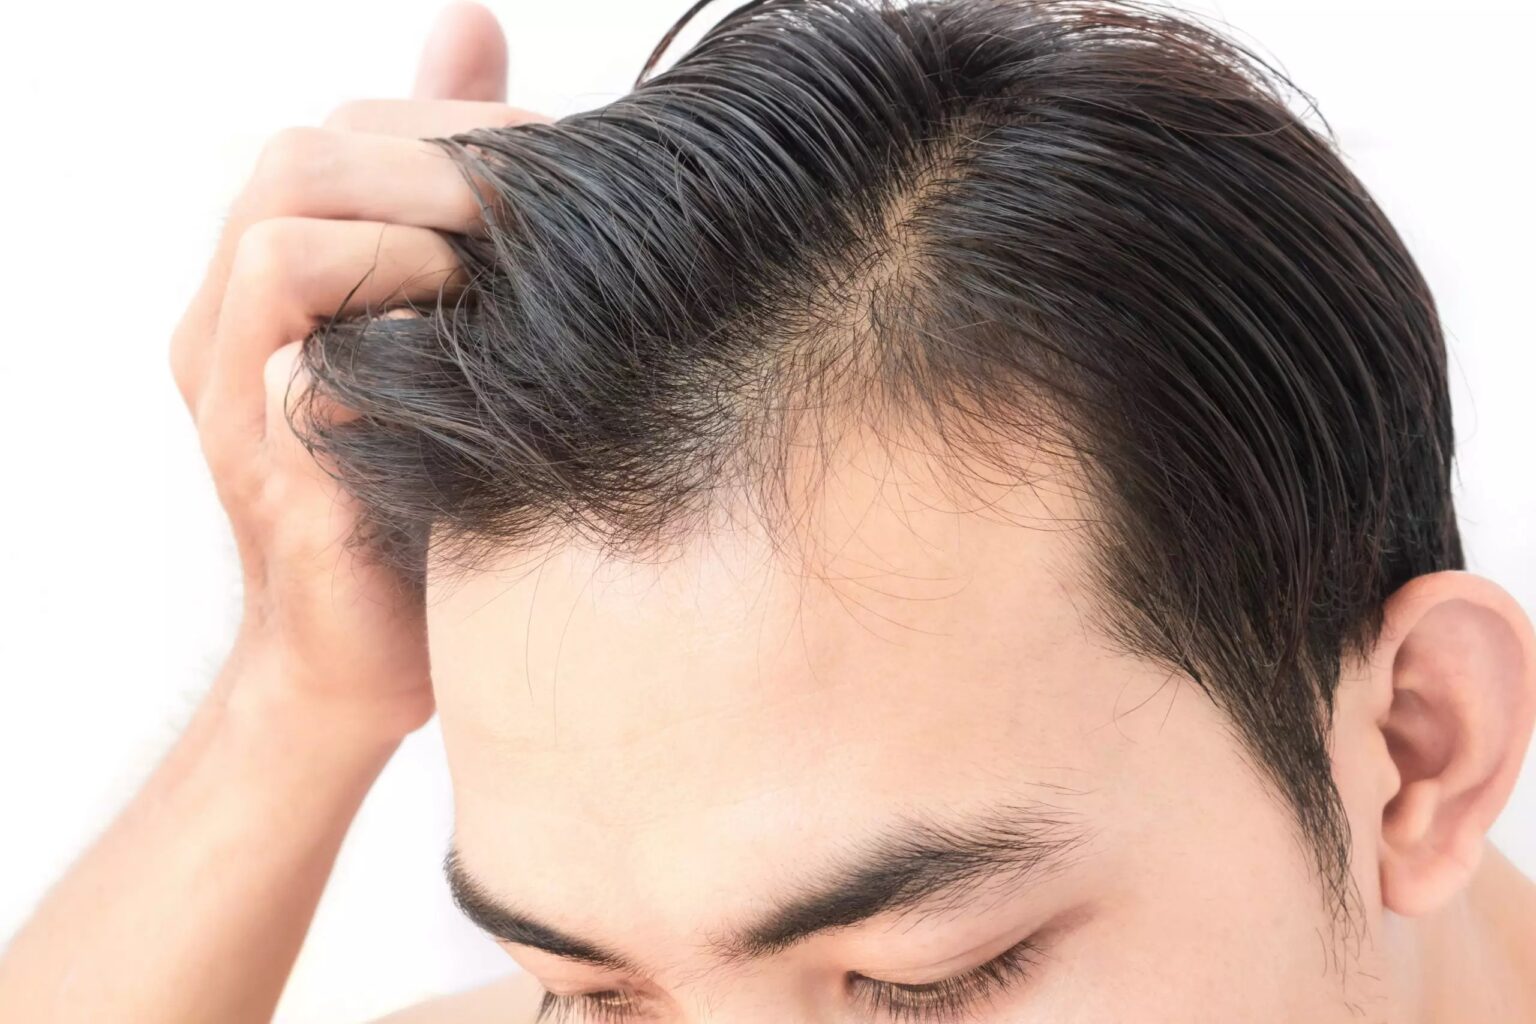 A hair transplant surgery is not a very hectic procedure especially when you go for well-qualified doctors.
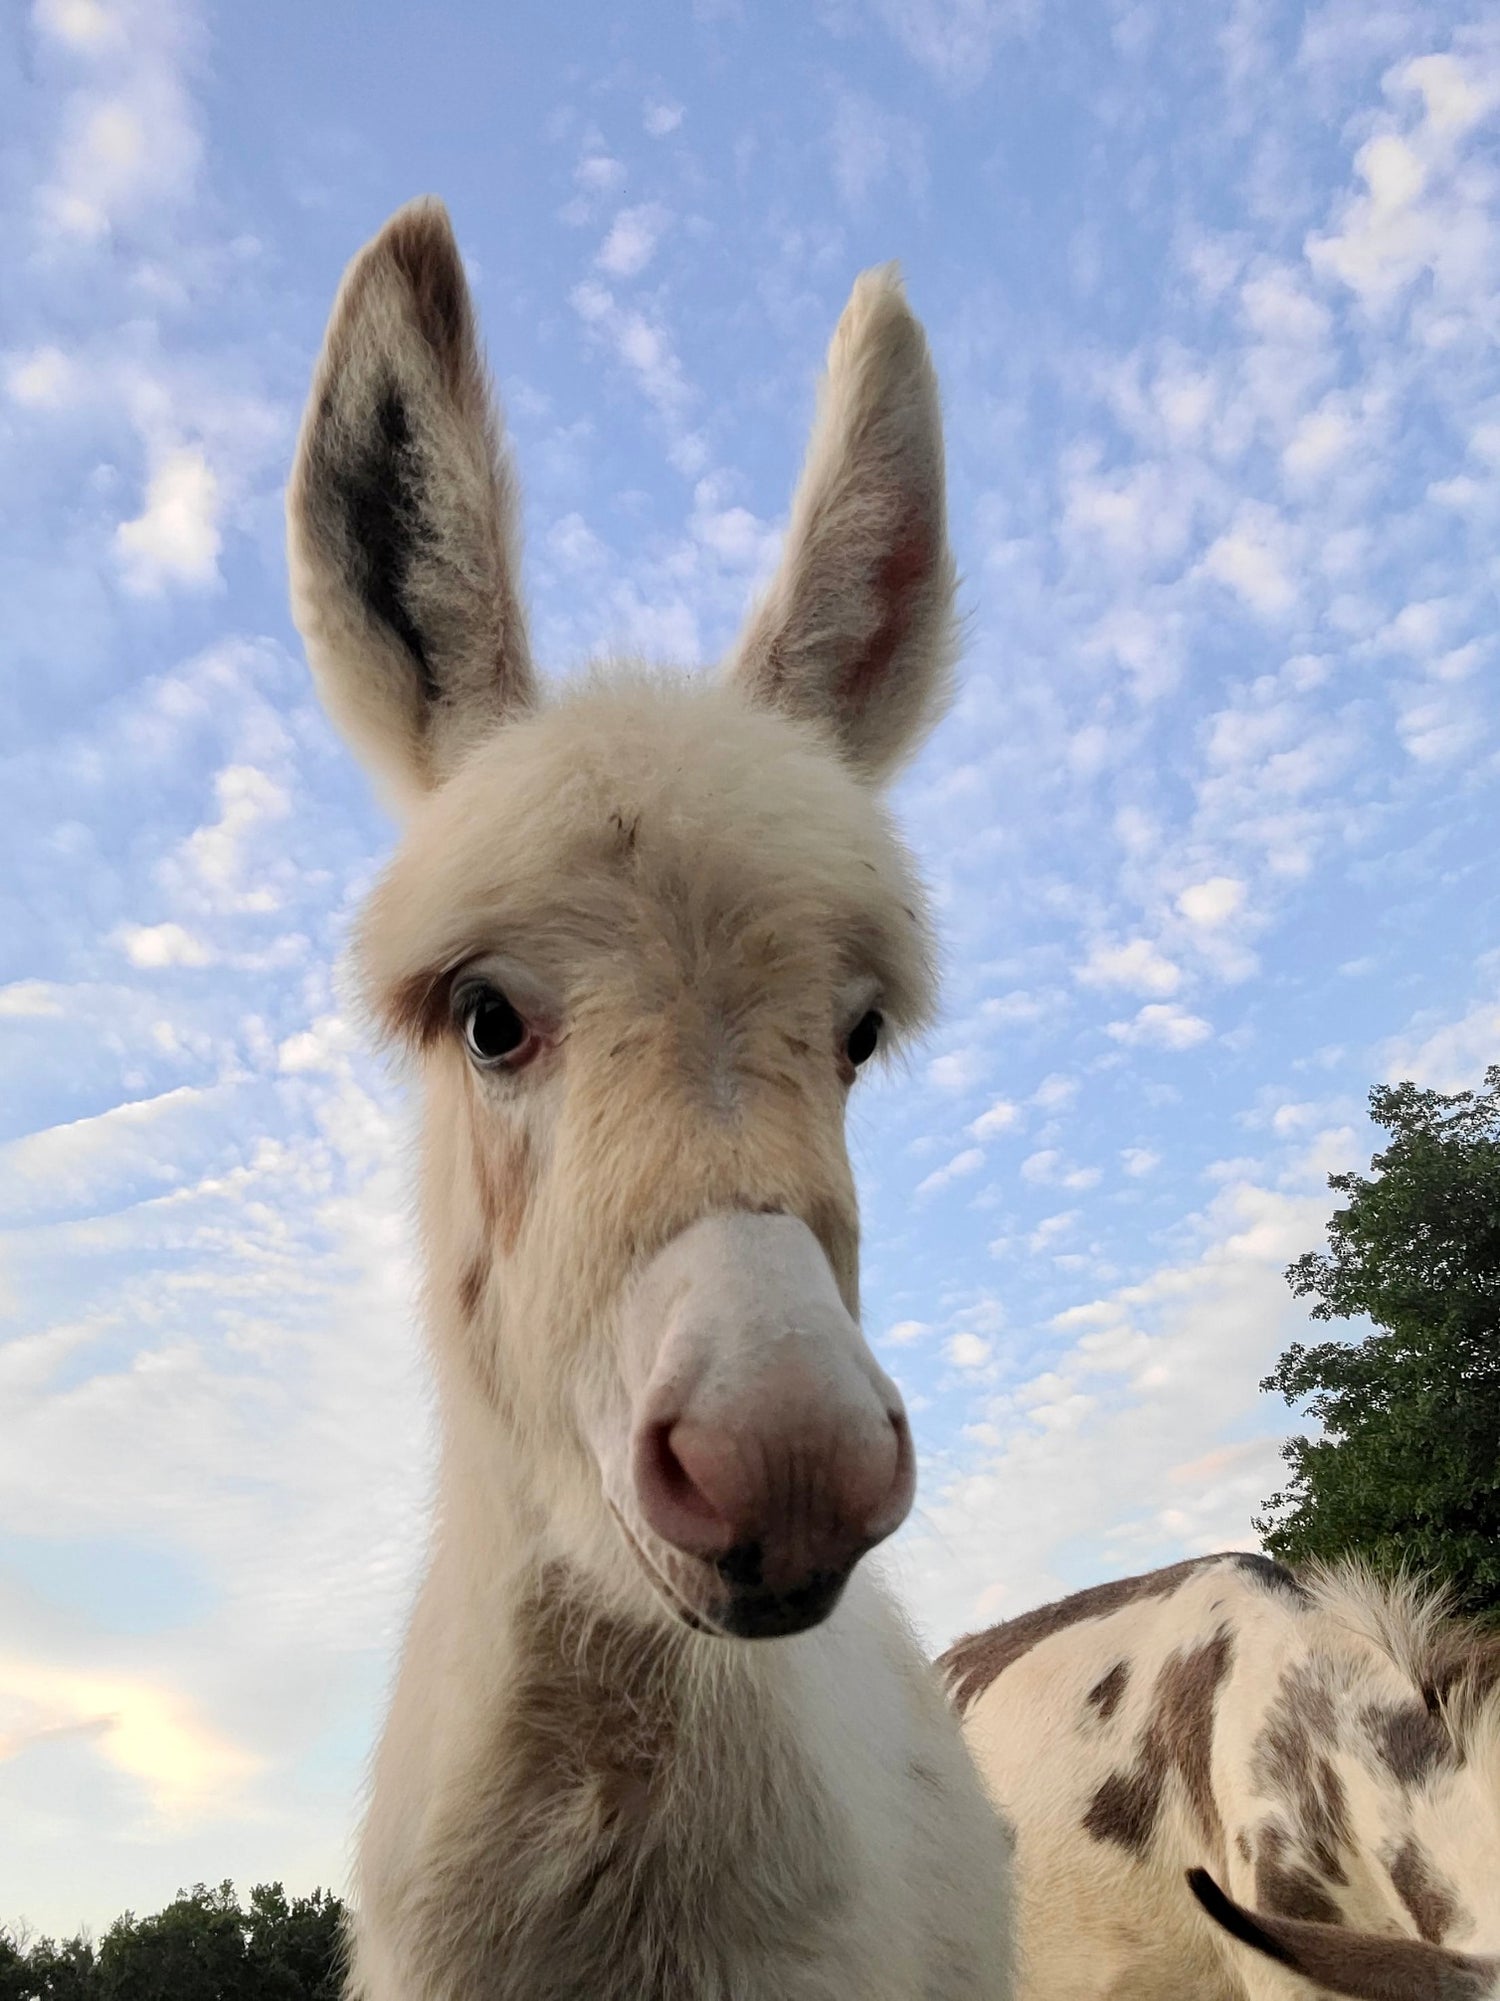 White Baby Donkey with Blue Sky and Clouds
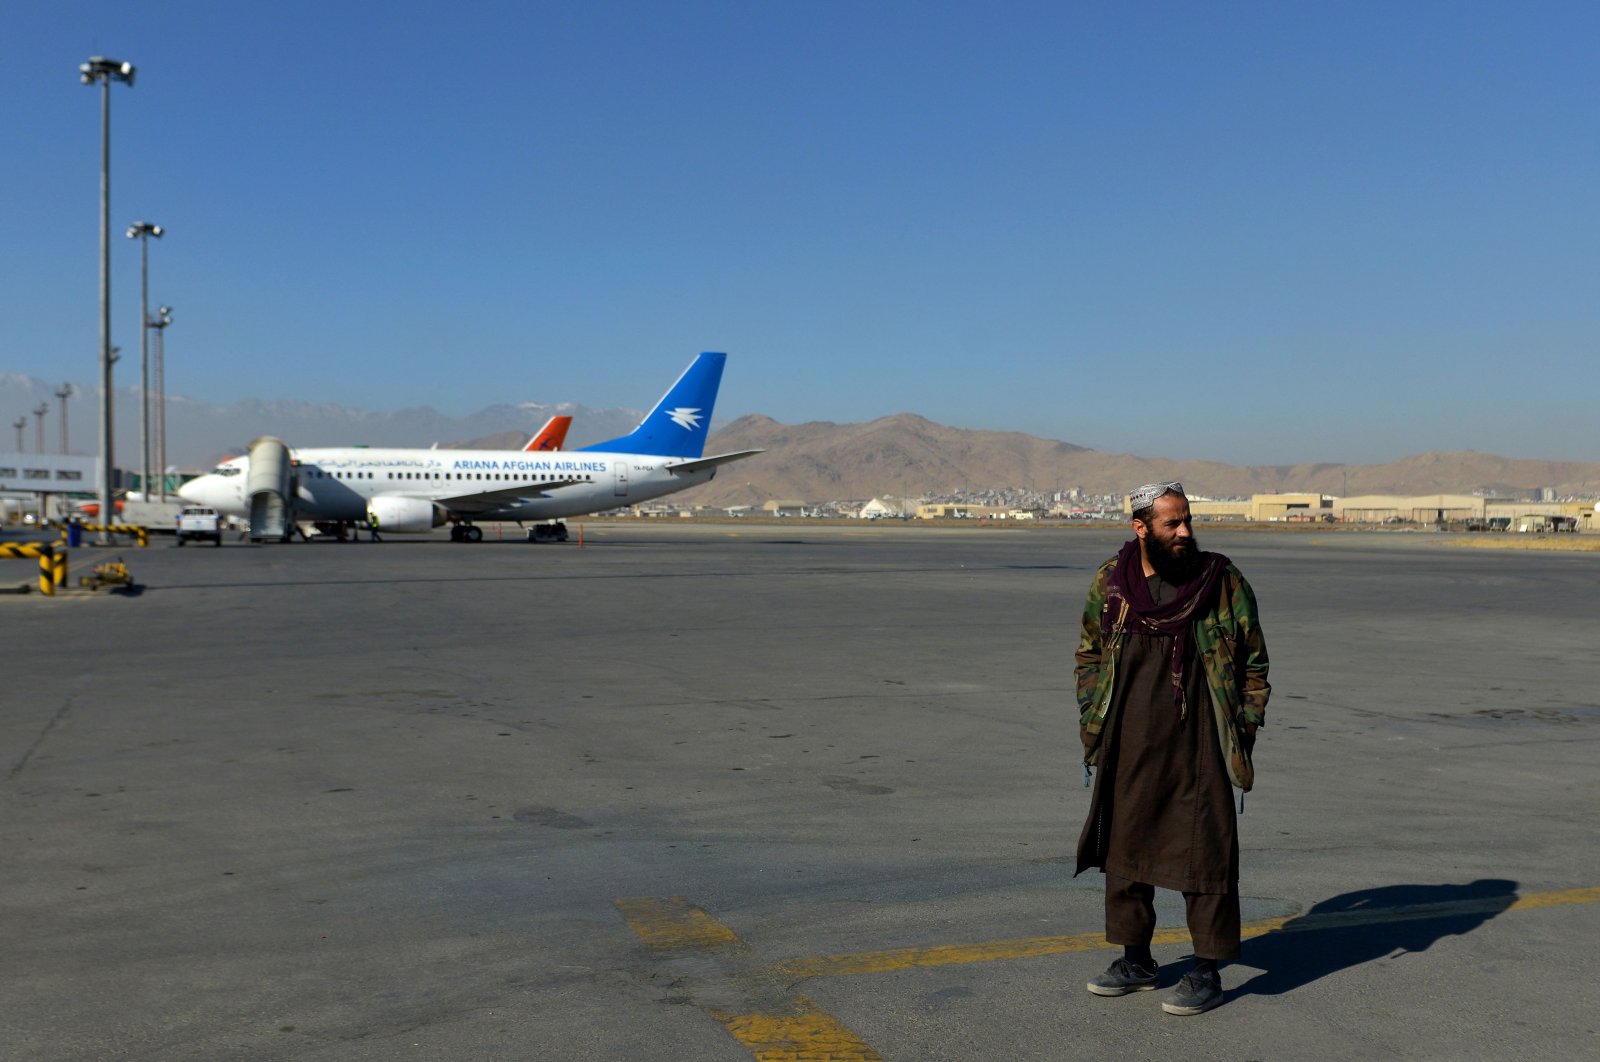 A member of the Taliban stands on the runway at the Kabul airport in Kabul, Afghanistan, Dec. 8, 2021. (AFP File Photo)

Instructions for the task.
Drop the pictures, then repeat the material word for word.

Task response.
 A hair transplant surgery is not a very hectic procedure especially when you go for well-qualified doctors.
 White Baby Donkey with Blue Sky and Clouds
 A member of the Taliban stands on the runway at the Kabul airport in Kabul, Afghanistan, Dec. 8, 2021. (AFP File Photo)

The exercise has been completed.